Activity: Copy out the whole listing exactly as written, leaving the pictures behind.

Given material section start

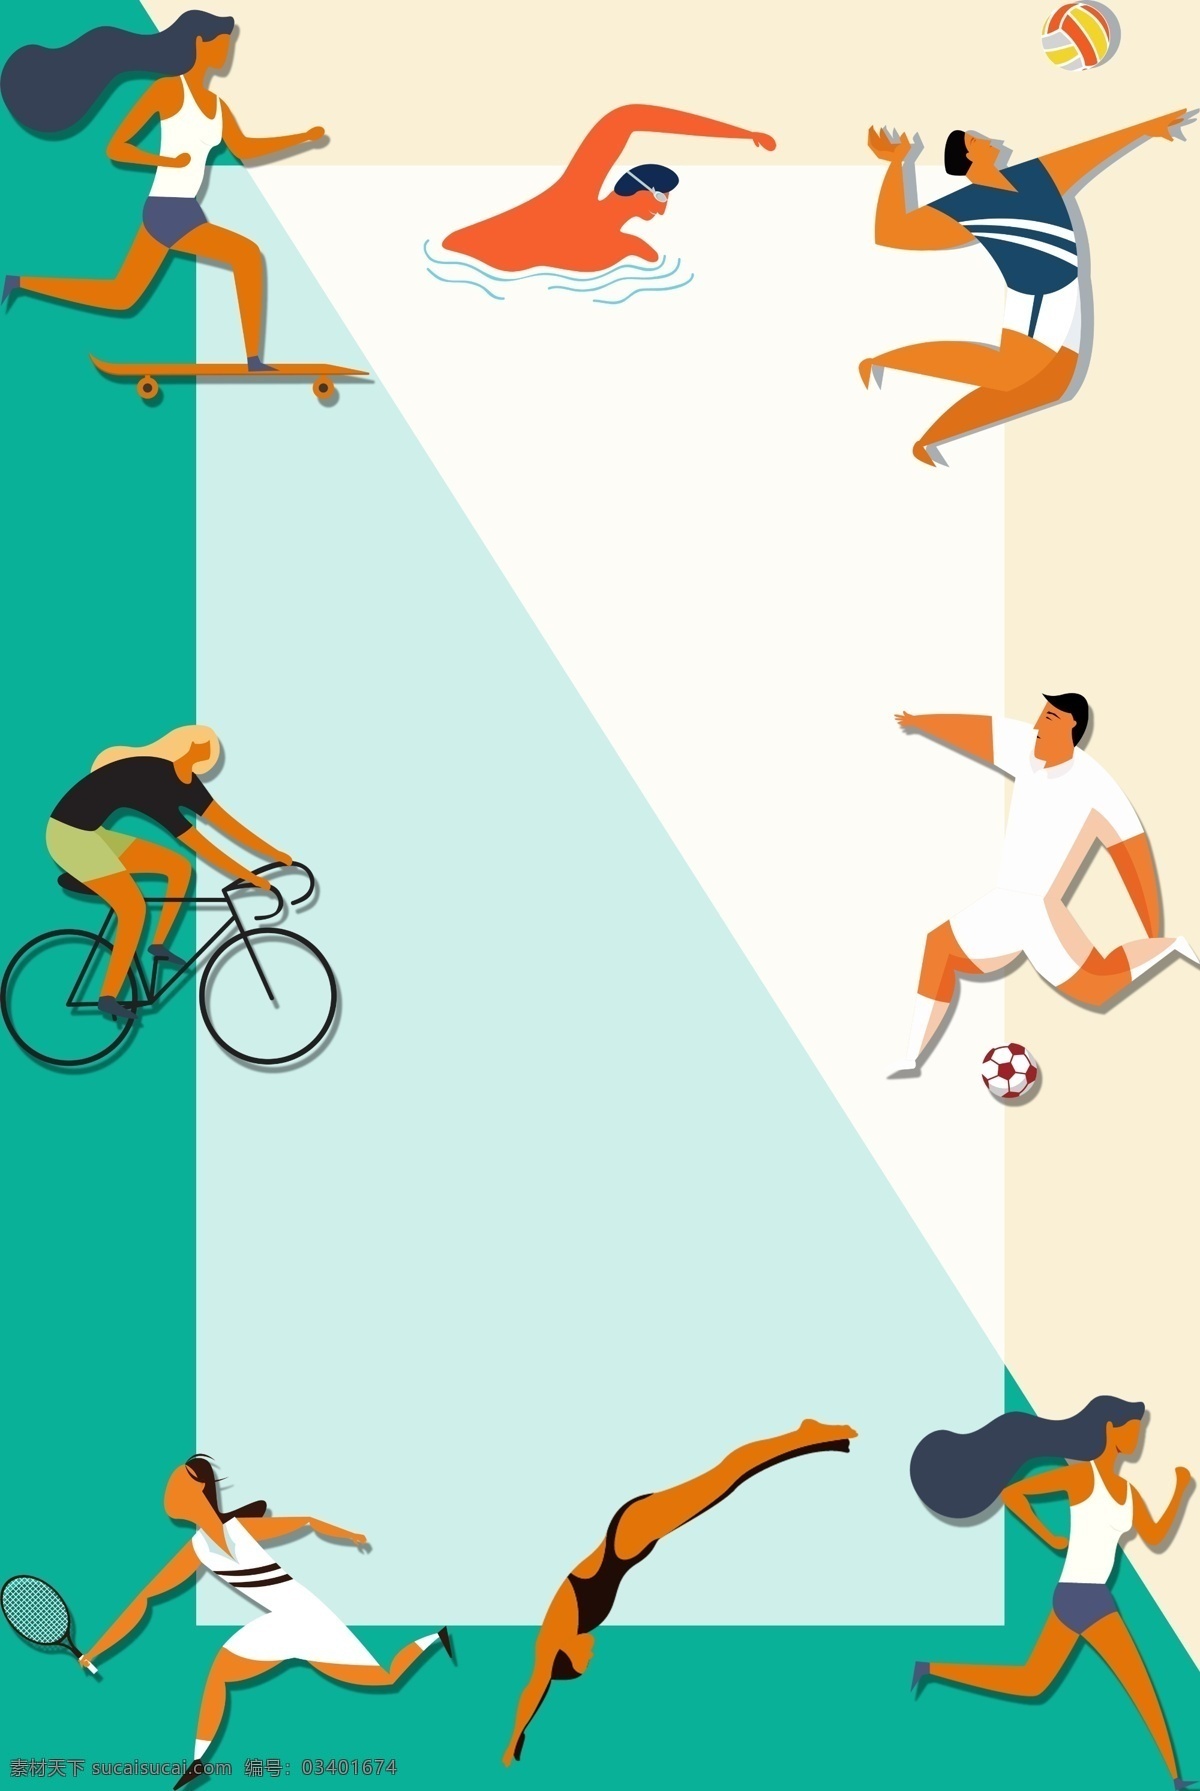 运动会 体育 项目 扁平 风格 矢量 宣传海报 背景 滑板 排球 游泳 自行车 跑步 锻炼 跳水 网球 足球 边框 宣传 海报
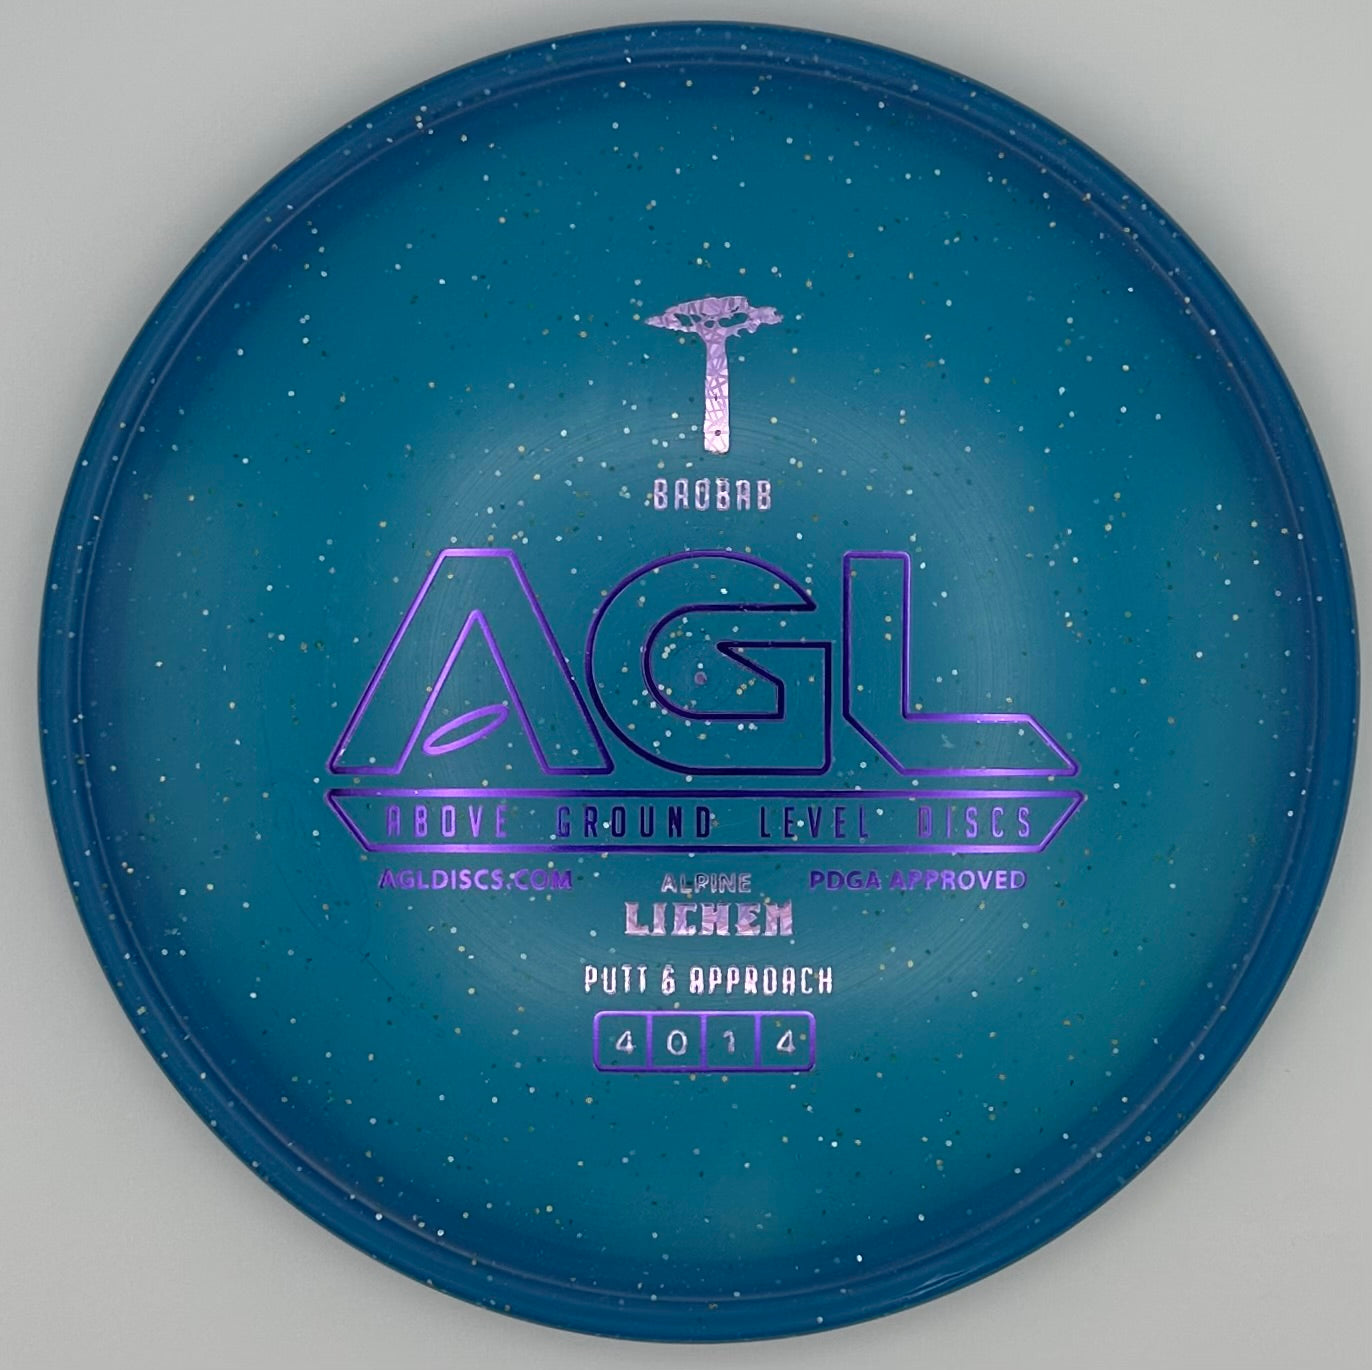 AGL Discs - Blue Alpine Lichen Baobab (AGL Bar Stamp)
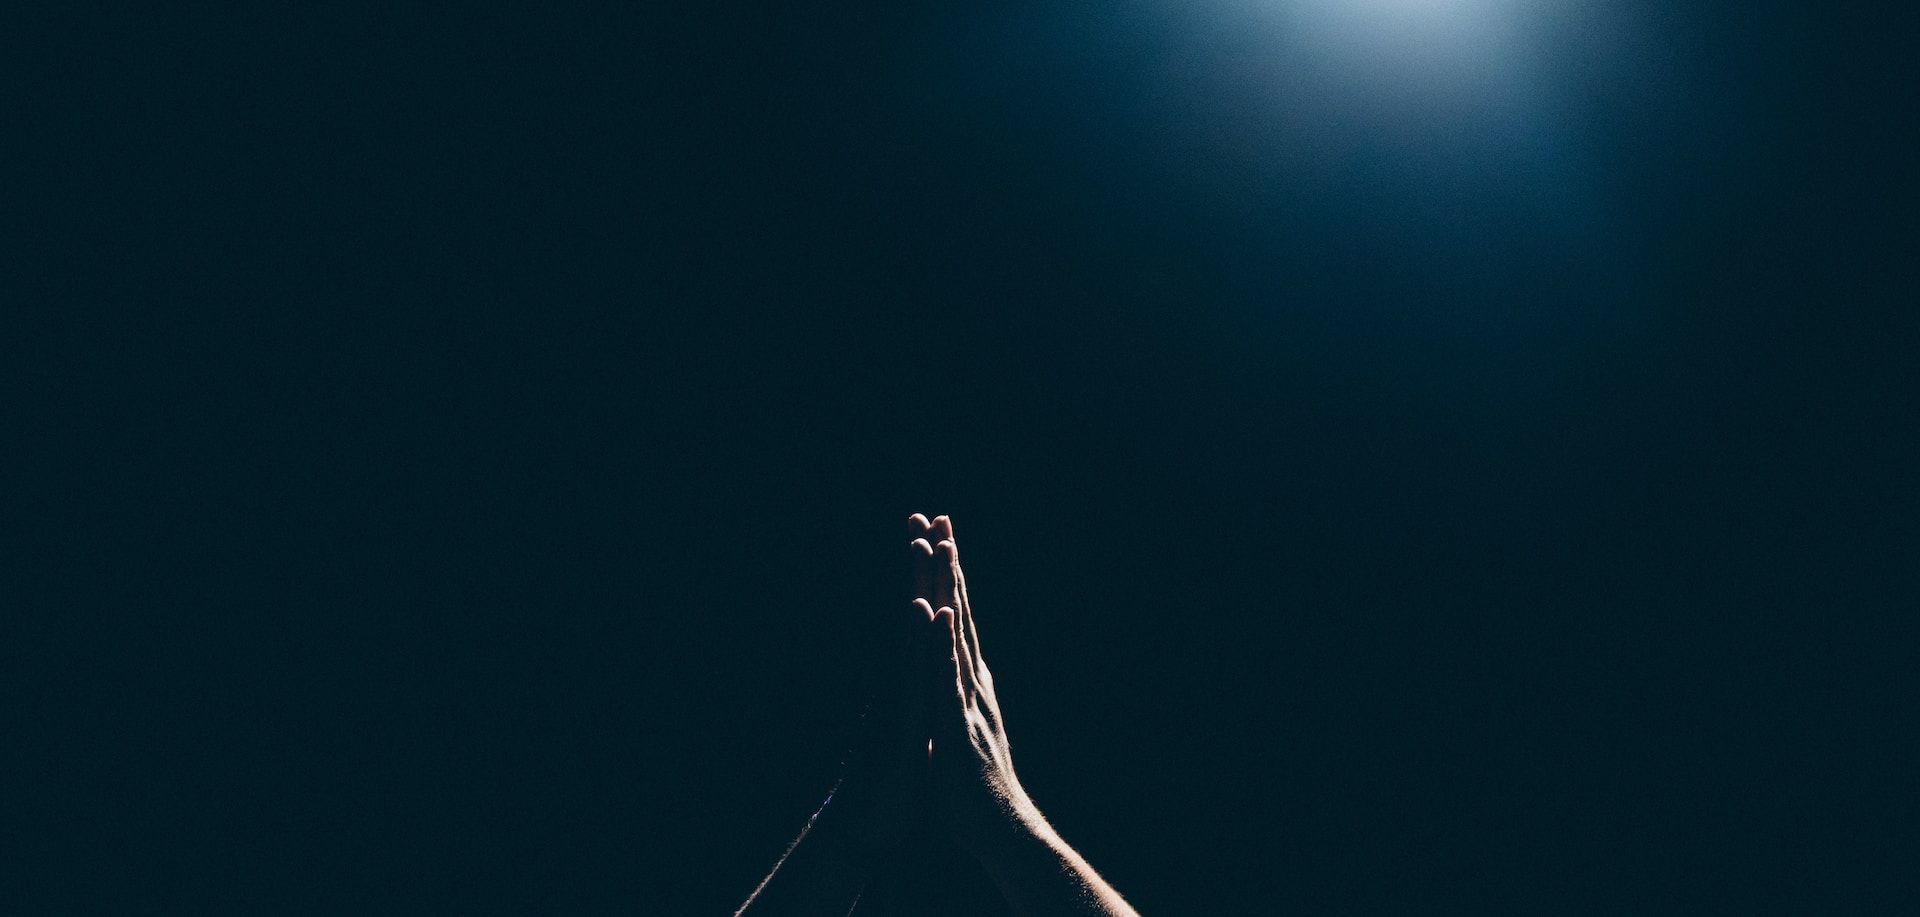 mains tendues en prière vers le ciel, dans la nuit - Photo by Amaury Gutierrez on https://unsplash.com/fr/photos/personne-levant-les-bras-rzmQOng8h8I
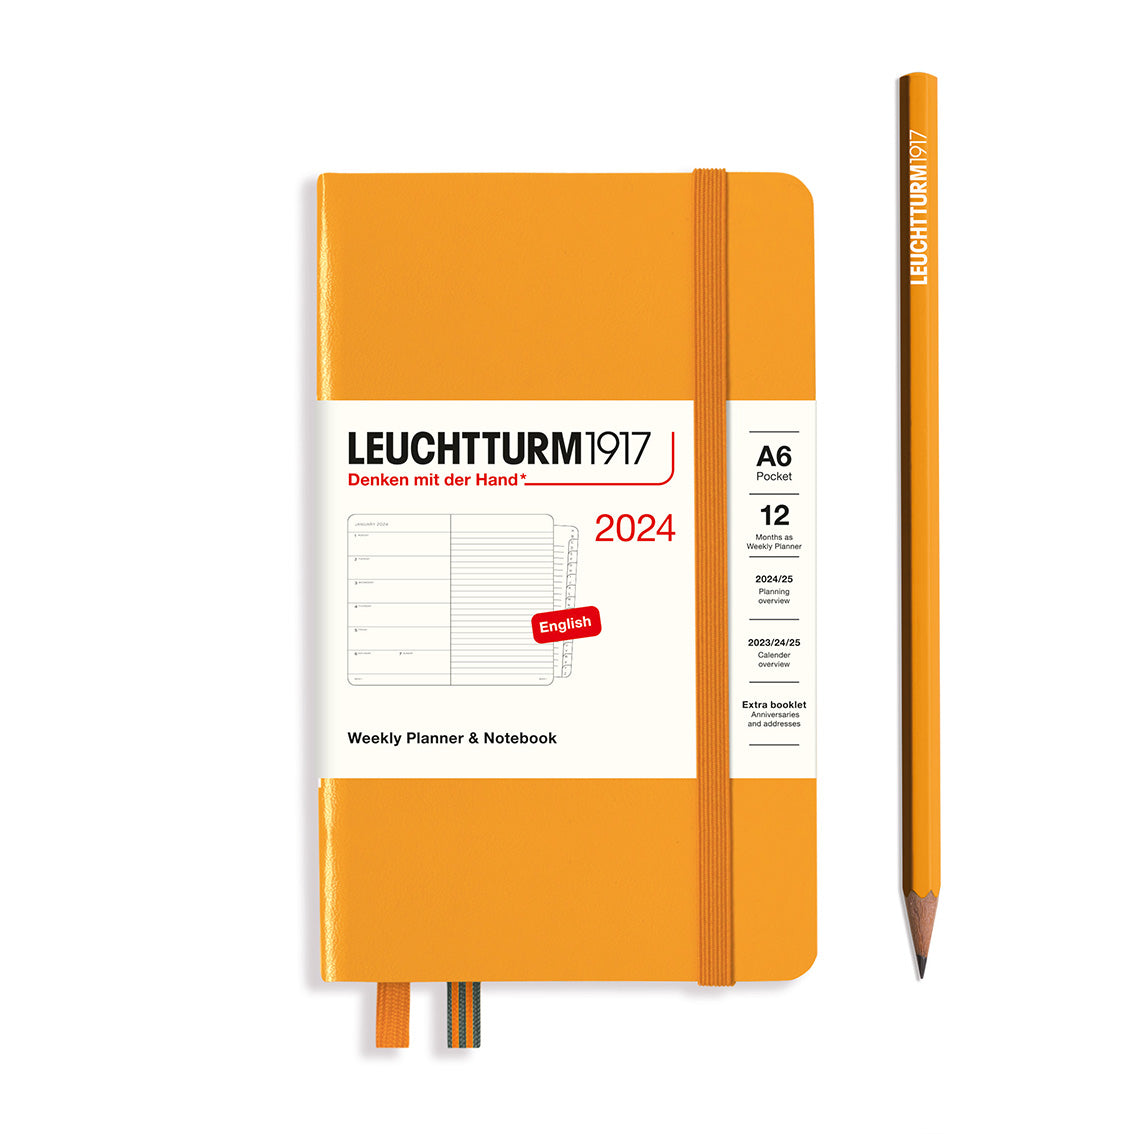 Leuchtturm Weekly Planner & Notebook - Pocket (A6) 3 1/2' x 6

Given material section end

Response:
 运动会 体育 项目 扁平 风格 矢量 宣传海报 背景 滑板 排球 游泳 自行车 跑步 锻炼 跳水 网球 足球 边框 宣传 海报
 AGL Discs - Blue Alpine Lichen Baobab (AGL Bar Stamp)
 mains tendues en prière vers le ciel, dans la nuit - Photo by Amaury Gutierrez on https://unsplash.com/fr/photos/personne-levant-les-bras-rzmQOng8h8I
 Leuchtturm Weekly Planner & Notebook - Pocket (A6) 3 1/2' x 6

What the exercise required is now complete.